Faizullah’s writing is translated into Bengali, Persian, Chinese, and Tamil, and is part of the theater production Birangona: Women of War. In 2016, Faizullah was recognized by Harvard Law School as one of 50 Women Inspiring Change, and was a 2019 USA Artists Fellow. The recipient of a Fulbright fellowship, three Pushcart prizes, and other honors, she has presented at institutions and organizations worldwide. Faizullah’s work has been featured at the the Liberation War Museum of Bangladesh, the Library of Congress, the Fulbright Conference, the Lannan Center for Poetics and Social Practice, the Radcliffe Seminars, the Clinton School of Public Service, and elsewhere.

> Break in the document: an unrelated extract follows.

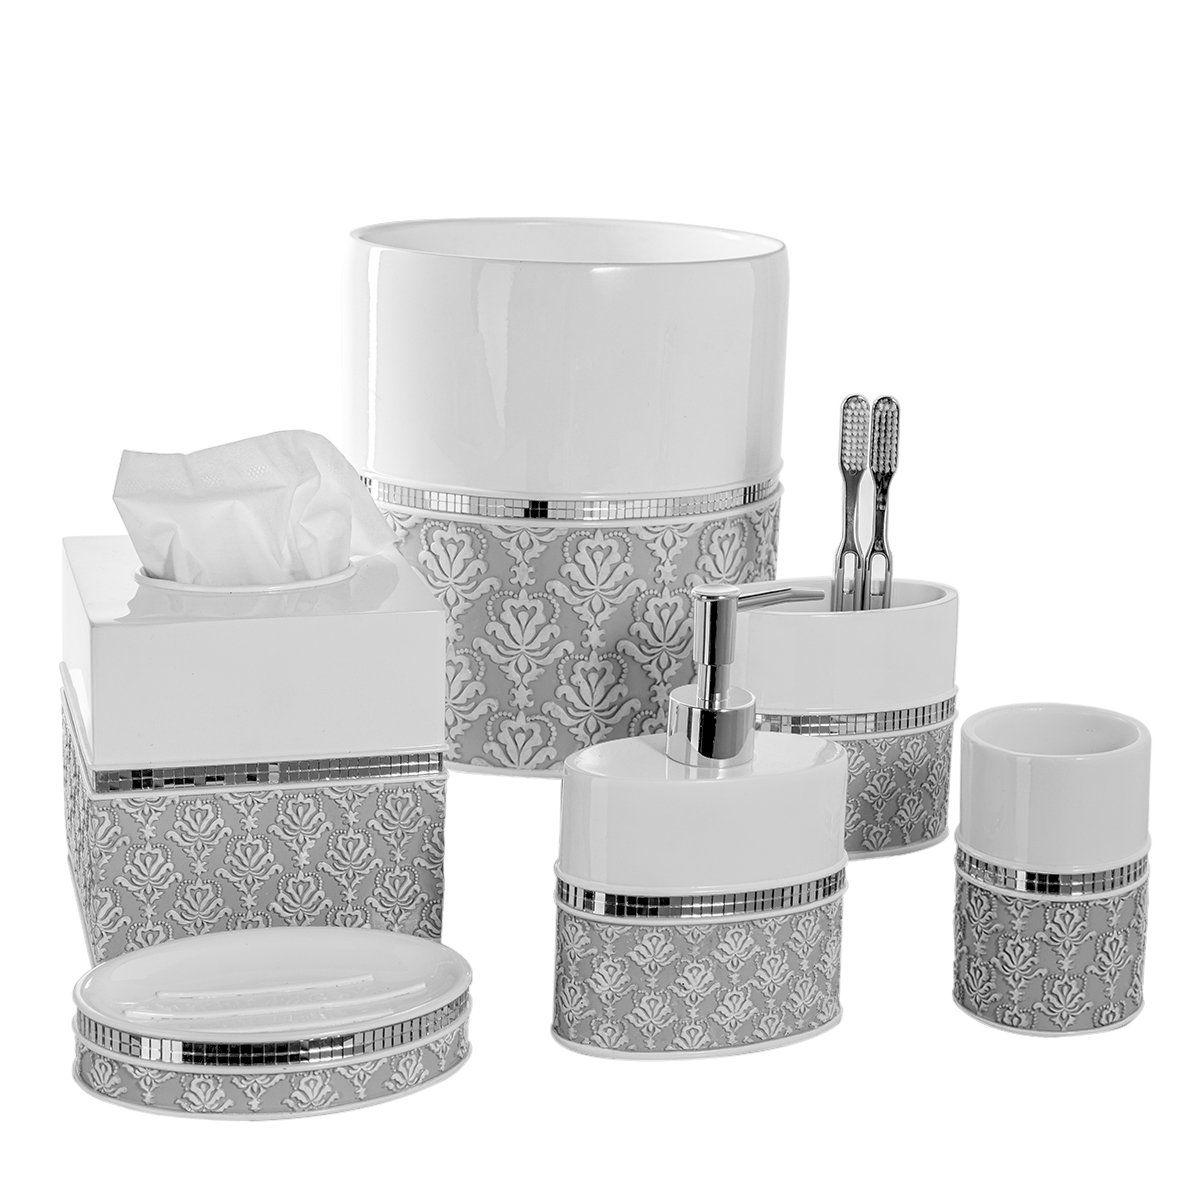 Creative Scents Mirror Damask 6 Piece Bathroom Accessory Set  Includes Decorative  Soap Dispenser/

Her writing has appeared widely in the US and abroad in The Daily Star, BuzzFeed, Hindu Business Line, Huffington Post, Ms. Magazine, The New Republic, The Nation, Oxford American, Poetry Magazine, and the Academy of American Poets, as well as in the anthology Halal If You Hear Me(Haymarket, 2019), and the television show PBS News Hour. She lives in Dallas, Texas.

 

Laura Warrell

Laura Warrell is the author of Sweet, Soft, Plenty Rhythm, a finalist for the PEN/Faulkner Award for Fiction and the Barnes & Noble Discover Prize, and long-listed for the Andrew Carnegie Medal for Excellence in Fiction and the Golden Poppy Book Award through the California Independent Booksellers Alliance. Named a ‘best’ or ‘must-read’ book by Vanity Fair, People, Los Angeles Times, Washington Post, Boston Globe, Apple Books, The Root, The Millions, Hollywood Reporter, Bustle, Today, Debutiful, and elsewhere, the  novel was also chosen as a Good Morning America Buzz Pick, a Barnes & Noble Discover Pick, and an Indie Next List Pick. The novel was published by Doubleday in the UK in February 2023. Laura, named a “Writer to Watch” by Publishers Weekly, grew up in Ohio. She graduated from the Creative Writing Program at the Vermont College of Fine Arts and she has attended residencies at the Bread Loaf Writers’ Conference and the Tin House Writer’s Workshop where she taught in the online Winter Workshop in 2023. She has taught Creative Writing and Literature through the Emerging Voices program at PEN America Los Angeles, at Writing Workshops Los Angeles, and at the Berklee College of Music and other academic institutions in Los Angeles and Boston. Laura’s writing has been published in the New York Times, Los Angeles Times, Lit Hub, Los Angeles Review of Books, Huffington Post, The Rumpus, The Writer, and other publications.

 

Cecily Wong

Cecily is the author of three books. Her debut novel, Diamond Head (Harper, HarperCollins), was a Barnes and Noble Discover Great New Writers Selection, recipient of an Elle Readers' Prize, and voted a best debut of the 2015 Brooklyn Book Festival. Her second novel, Kaleidoscope (Dutton, Penguin Random House), was a best book of the month at Buzzfeed, Apple Books, and Today.com. Cecily is also the co-author of the New York Times bestseller Gastro Obscura: An Explorer’s Guide to Food (Workman Publishing). Cecily’s work has appeared in the Wall Street Journal, The LA Review of Books, Self Magazine, Bustle, Atlas Obscura, and elsewhere. She is the 2023 recipient of an Oregon Literary Fellowship. A graduate of Barnard College, Cecily now lives in Portland, Oregon with her husband and daughter.

 
 

Please note: more guests will be added soon.

Publishing Program 2024

The Publishing Program 2024 is currently in session. It runs January - December 2024.

Speakers include Chris Abani, Neelanjana Banerjee, Ellen Bass, Kwame Dawes, Hafizah Peter, Nadxieli Neto, Nicole Sealey, Johnny Temple, Laura Warrell, and Cecily Wong.

Mentors include Chris Abani, Kwame Dawes, Destiny O. Birdsong, Cassandra Lane, and Mahtem Shiferraw.